心配そうに見つめてくる妙さんに申し訳なさを感じながら、数日前に部屋に閉じ込められた時のことを思い返してみた。

「部屋の仕組みは私にも解明できなかったんですけどね…。なにも身の危険はありませんでしたよ」
「どうしたら出れたアルか?」
「紙があったんですよ、お題と書かれたものが。坂田さんから聞いた話によれば、いろんなお題があるらしいんです。黒歴史を語れだの、ゲームに勝てだの。難しすぎてクリアできないようなお題は無いみたいなので、危害を加えるような部屋ではなさそうでしたよ」
「きっと天人の遊びで作った部屋アルな。作ったそいつ暇人ネ」
「ファーストさんと銀さんが閉じ込められた時はどういったお題だったんですか?」

うまーく私と坂田さんに当てがわれたお題をスルーしたつもりだったがやはりそうきたか。なんてことはない風を装いながらしれっとお題について話す。

「一時間くっつくだけでした、ね」

やや間があってから、静かな二人の表情を盗み見た。神楽さんの顔が今までに見たことがないくらい険しいものに変わっていて、妙さんは笑みを浮かべているというのに顔のあちらこちらに青筋が浮かび上がっている。

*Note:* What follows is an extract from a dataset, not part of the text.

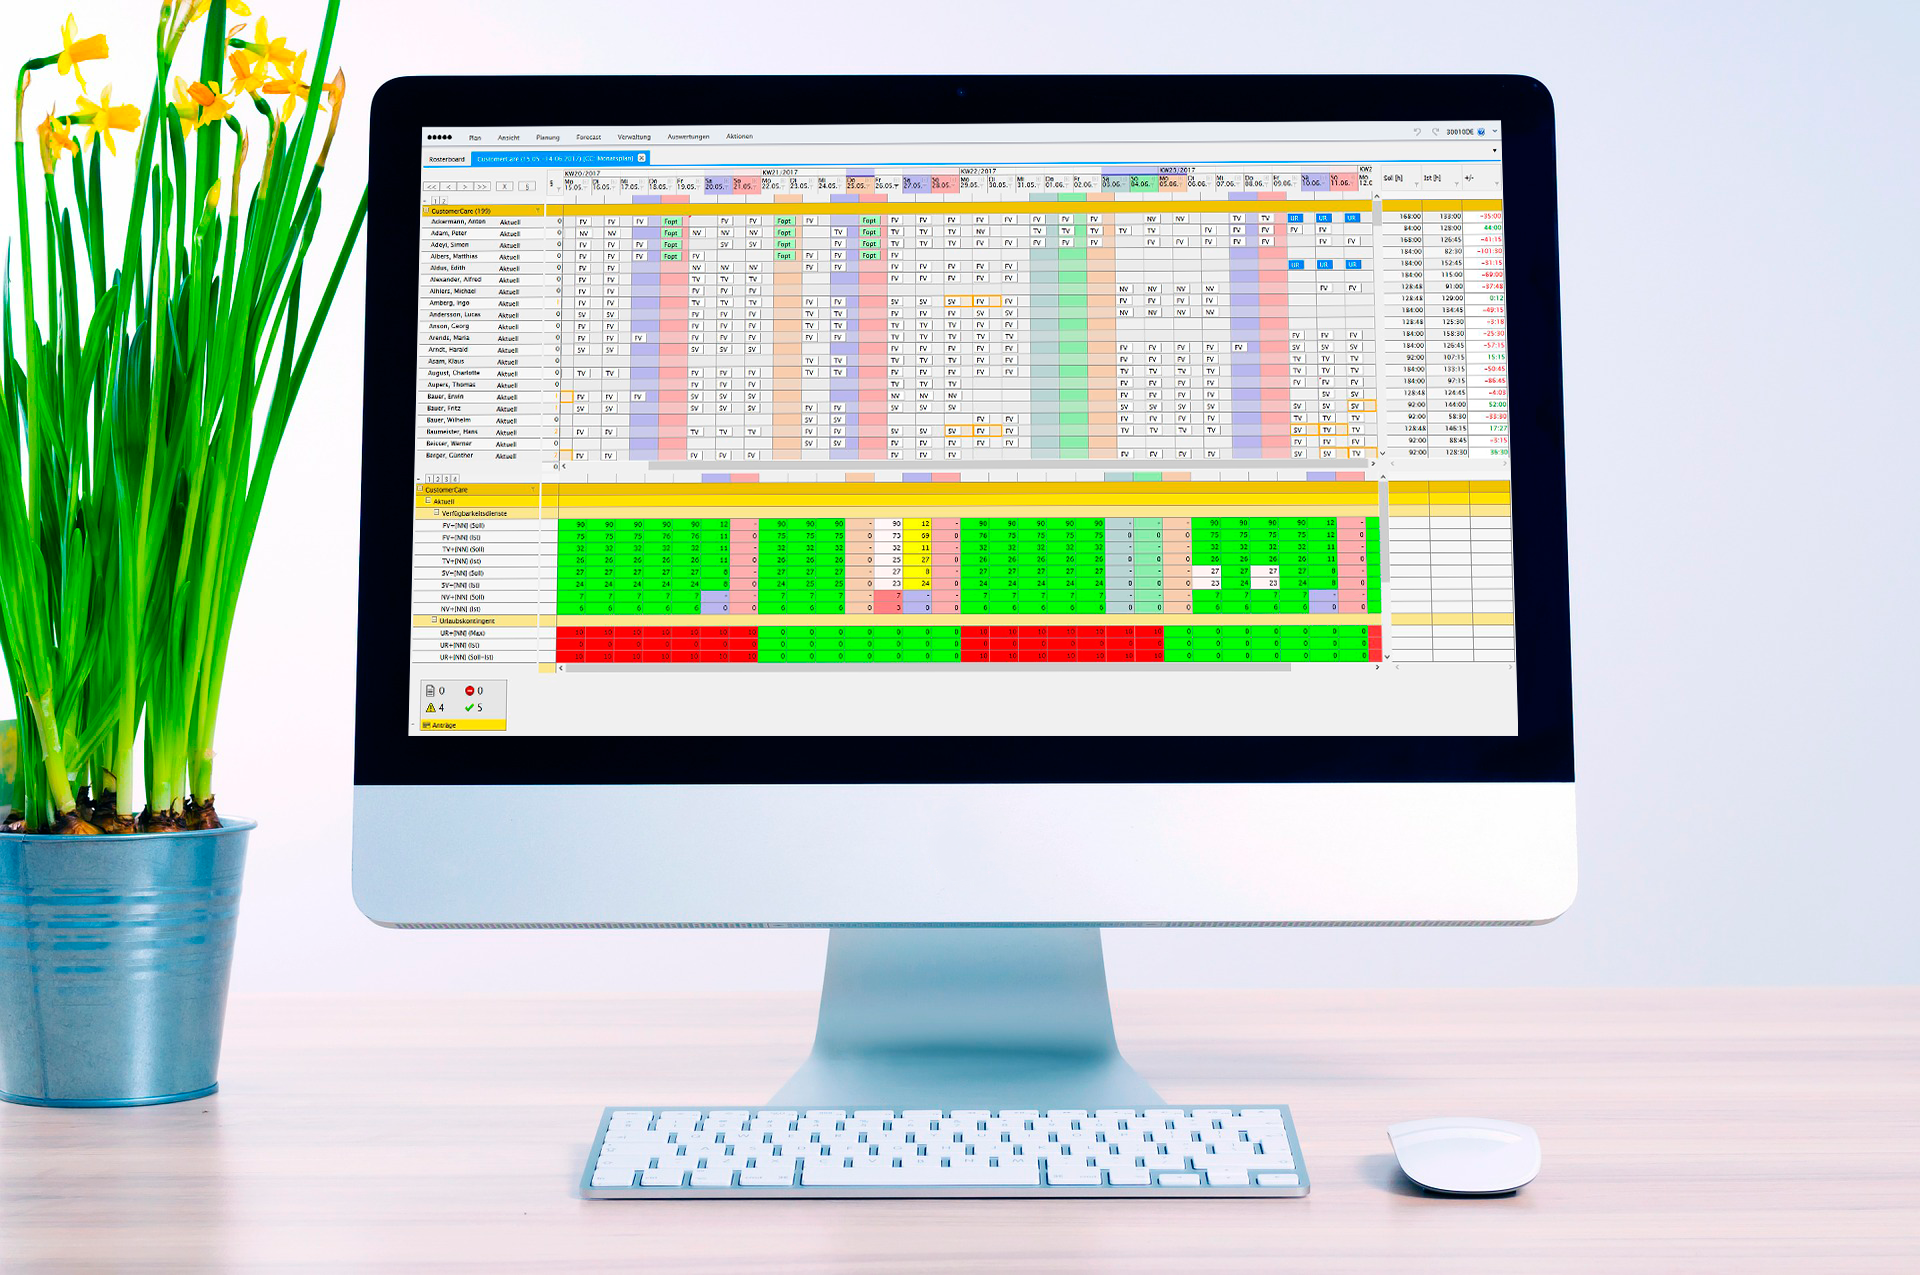 plano. Workforce Management Software - Planungsoberfläche

「だだだ大丈夫だったアルか!?銀ちゃんに何もされてないネ!?」
「良いんですよファーストさん。ここには女しかいません。もし卑猥なことされたならなんでもおっしゃってくださいな。私が野郎をブチのめしてきますから。なんなら股間の袋をブチのめしてさしあげますよ」
「いや、あのー…」

土間側から引き戸が開かれる音が聞こえた気がして顔を上げると、誰かがドタドタと足音を立ててこちらに近づいてくるのがわかった。もしかして、なんて思っていると、襖の向こうから顔を出してきたのはやっぱりあの人だった。

「おーい、ファースト。神楽ぐげふ」

まぁ、なんとも間の悪いお人である。神楽さんと妙さんの膝蹴りを食らった坂田さんは見事にひっくり返った。うーん、面白いくらいに一気に騒がしくなったもんだ。
「てめっ、一旦表へ出ろォ!」と鬼の形相の妙さんは見なかったフリしようとすると、服の裾をクイ、と摘まれた。あ、お客さん。

「修理屋のファーストさんとやらは、ここで合ってるかね?万事屋さんに案内されてここへ来たんだが」
「あぁ、そうですよ。こんな所までありがとうございます」
「早速修理をお願いしたいのだけれど、頼めるかな」
「どんな修理案件でしょう?」

坂田さんのことは一旦忘れることにした。